The new tool, dubbed CopyKAT (copy number karyotyping of aneuploid tumors), allows researchers to more easily examine the complex data obtained from large single-cell RNA-sequencing experiments, which deliver gene expression data from many thousands of individual cells.
CopyKAT uses that gene expression data to look for aneuploidy, or the presence of abnormal chromosome numbers, which is common in most cancers, said study senior author Nicholas Navin, Ph.D., associate professor of Genetics and Bioinformatics & Computational Biology. The tool also helps to identify distinct subpopulations, or clones, within the cancer cells.
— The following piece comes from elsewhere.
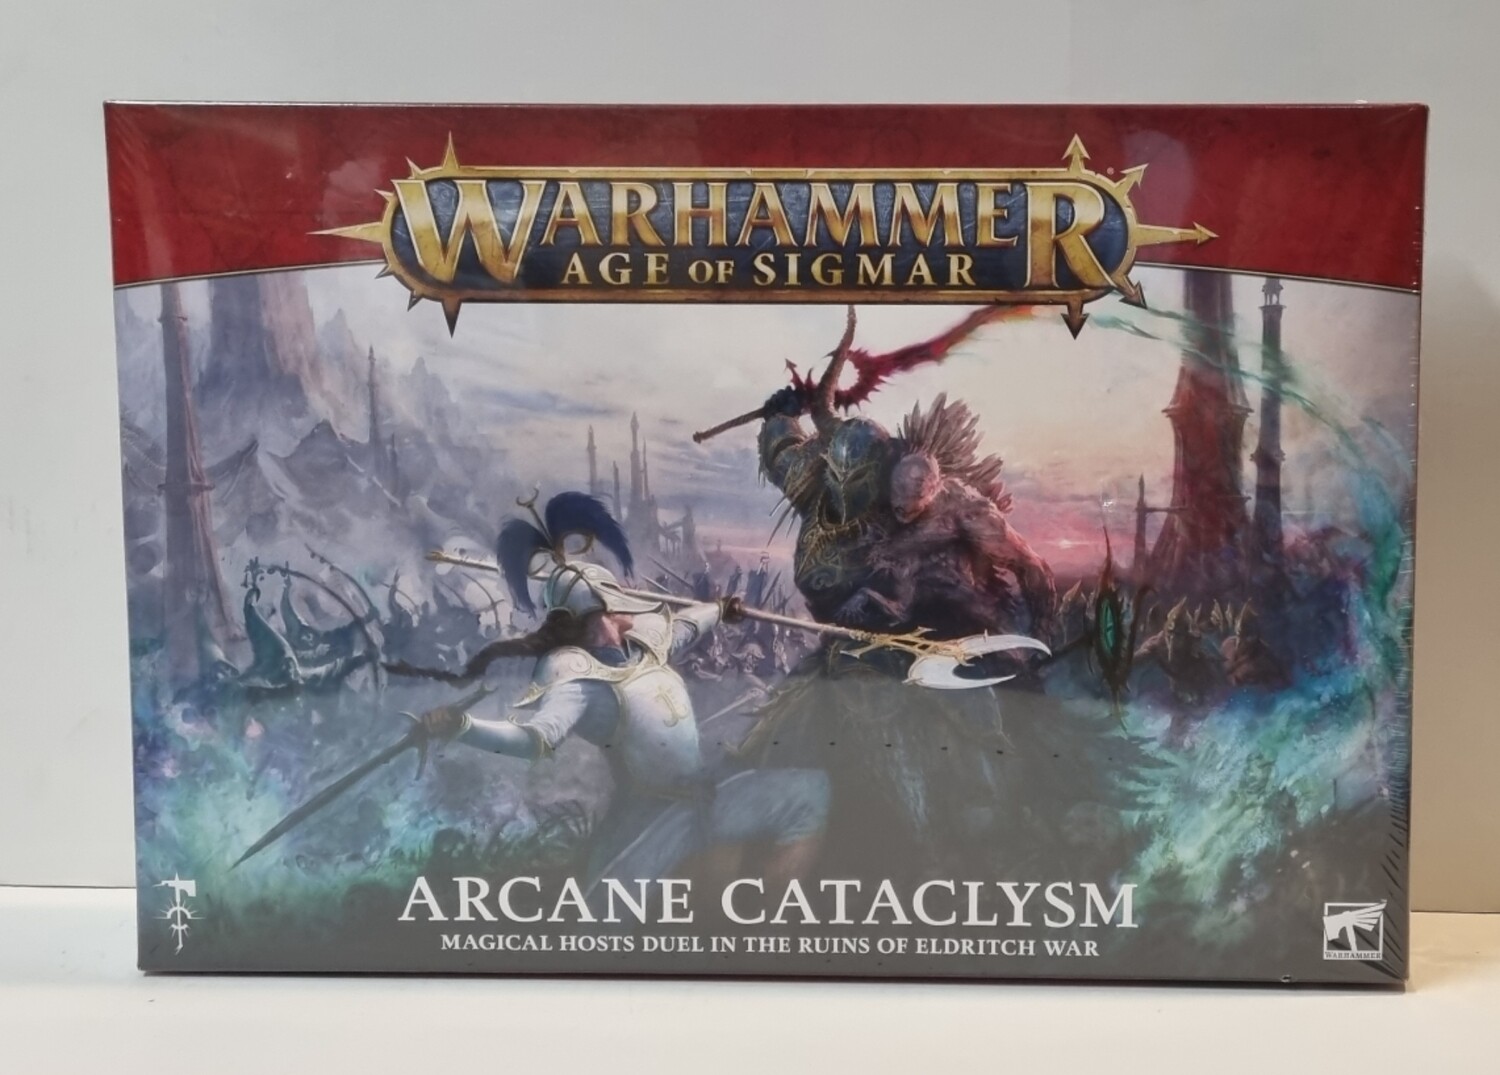 Warhammer, Age of Sigmar, 80-40, Arcane Cataclysm: Magical hosts Duel in the Ruins of Eldritch War

“We developed CopyKAT as a tool to infer genetic information from the transcriptome data. By applying this tool to several datasets, we showed that we could unambiguously identify, with about 99% accuracy, tumor cells versus the other immune or stromal cells present in a mixed tumor sample,” Navin said. “We could then go one step further to discover the subclones present and understand their genetic differences.”
Historically, tumors have been studied as a mixture of all cells present, many of which are not cancerous. The advent of single-cell RNA sequencing in recent years has enabled researchers to analyze tumors in much greater resolution, examining the gene expression of each individual cell to develop a picture of the tumor landscape, including the surrounding microenvironment.
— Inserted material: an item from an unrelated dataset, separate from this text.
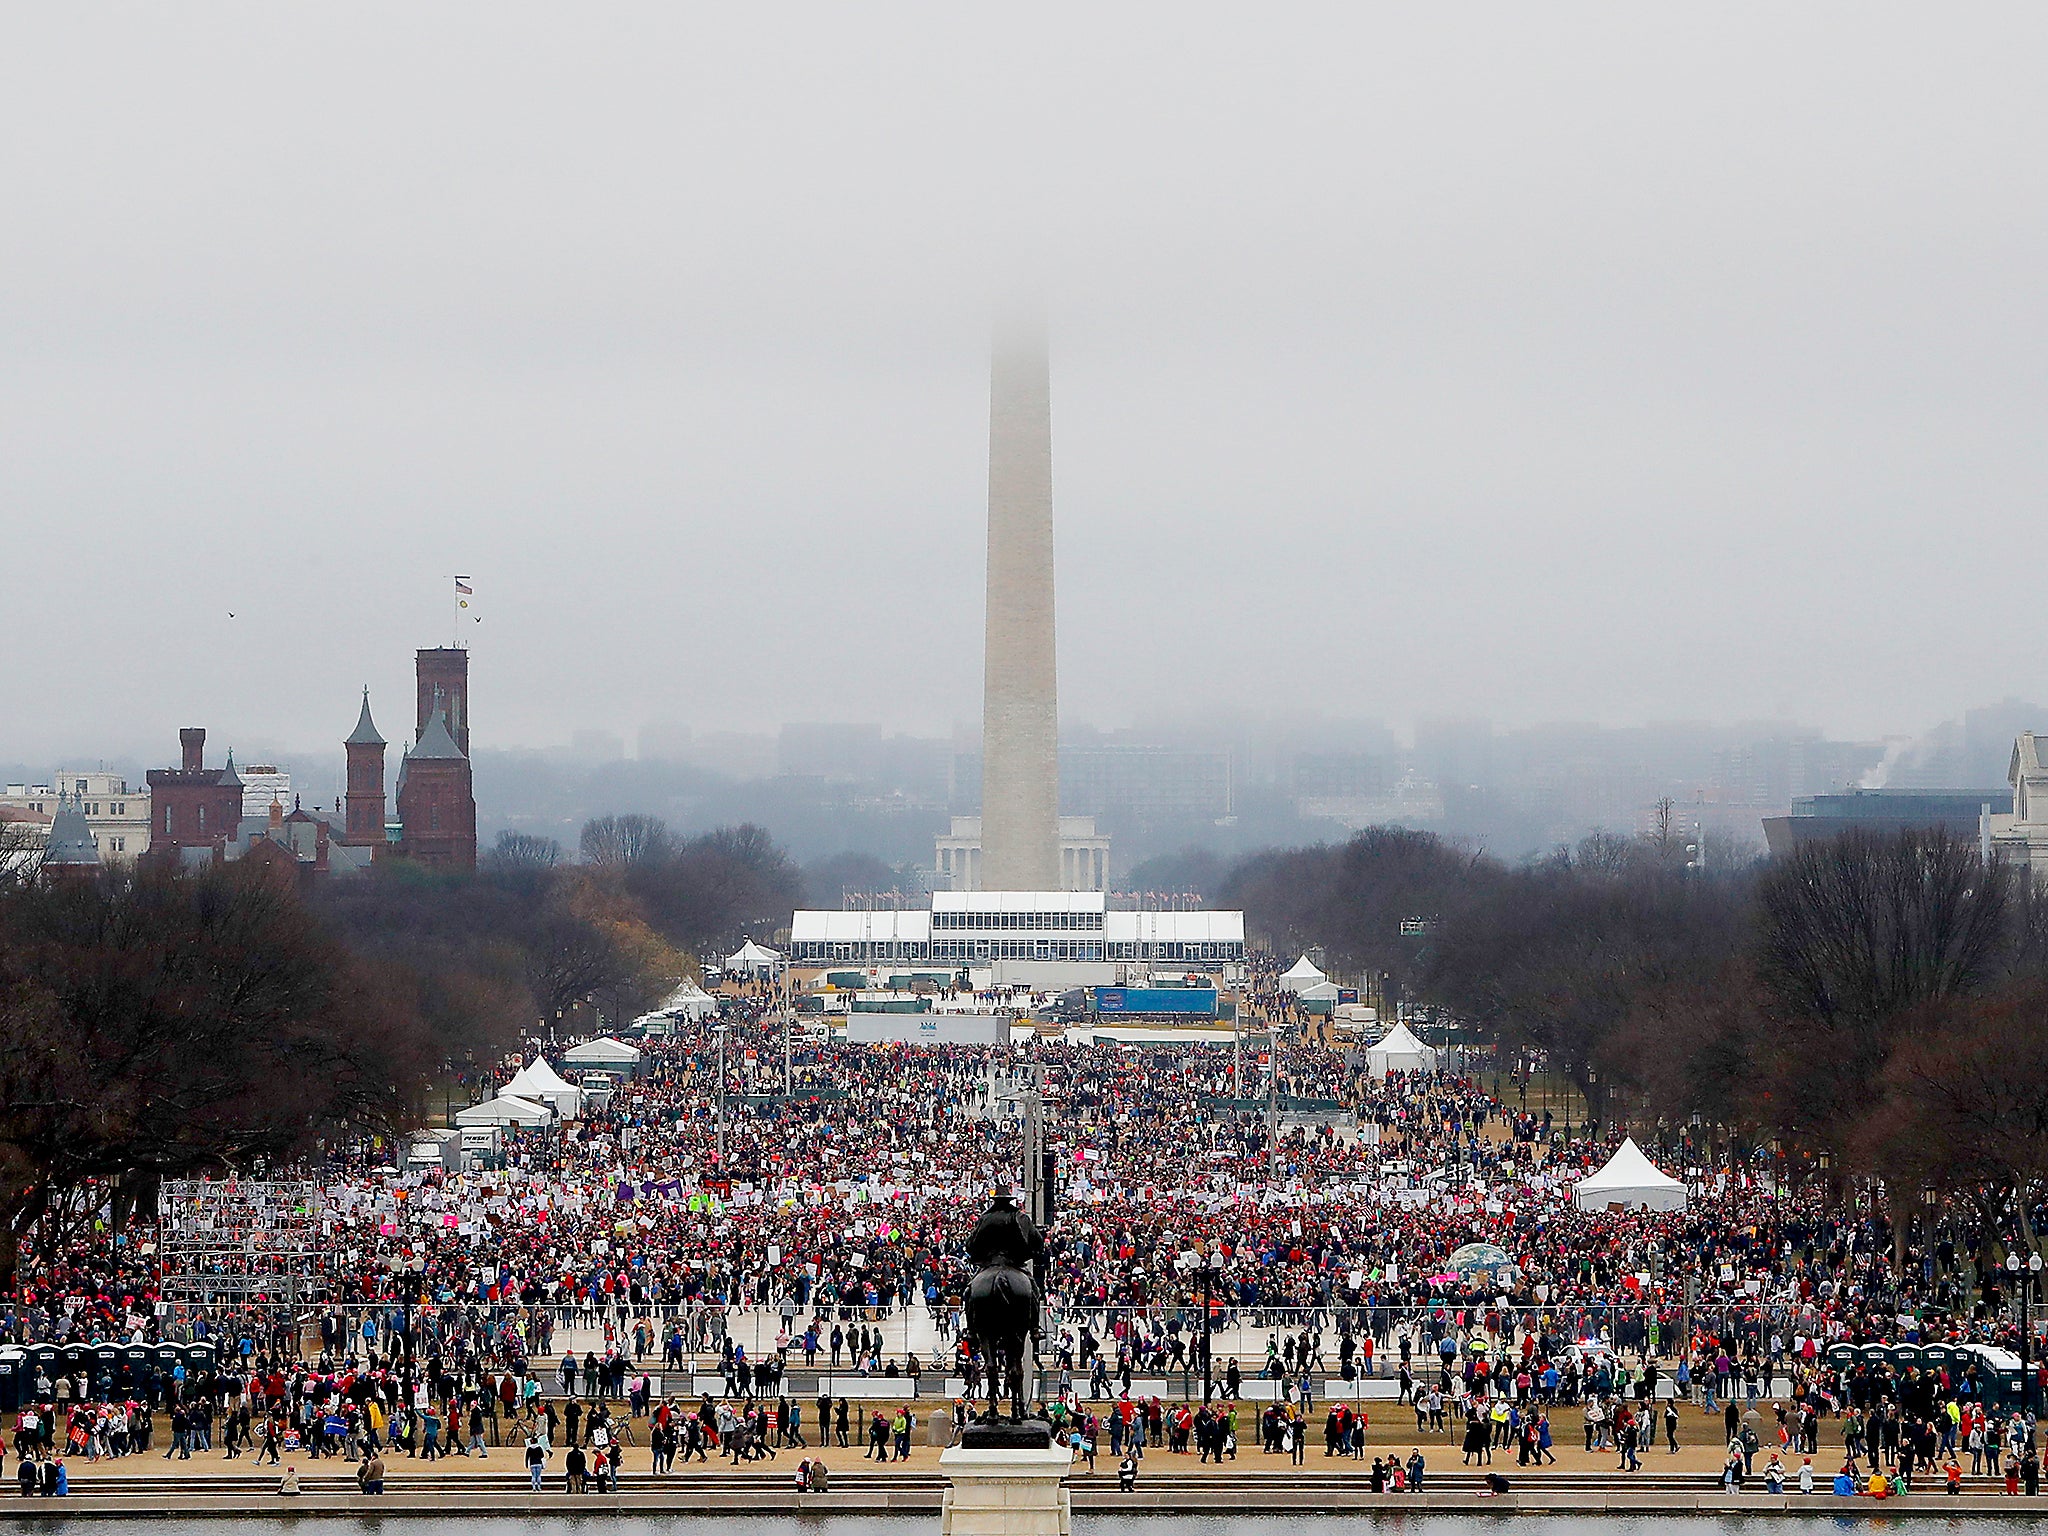 The Women's March on Washington alone had three times more attendees than Donald Trump's inauguration

However, it’s not easy to distinguish between cancer cells and normal cells without a reliable computational approach, Navin explained. Former postdoctoral fellow Ruli Gao, Ph.D., now assistant professor of Cardiovascular Sciences at Houston Methodist Research Institute, developed the CopyKAT algorithms, which improve upon older techniques by increasing accuracy and adjusting for the newest generation of single-cell RNA-sequencing data.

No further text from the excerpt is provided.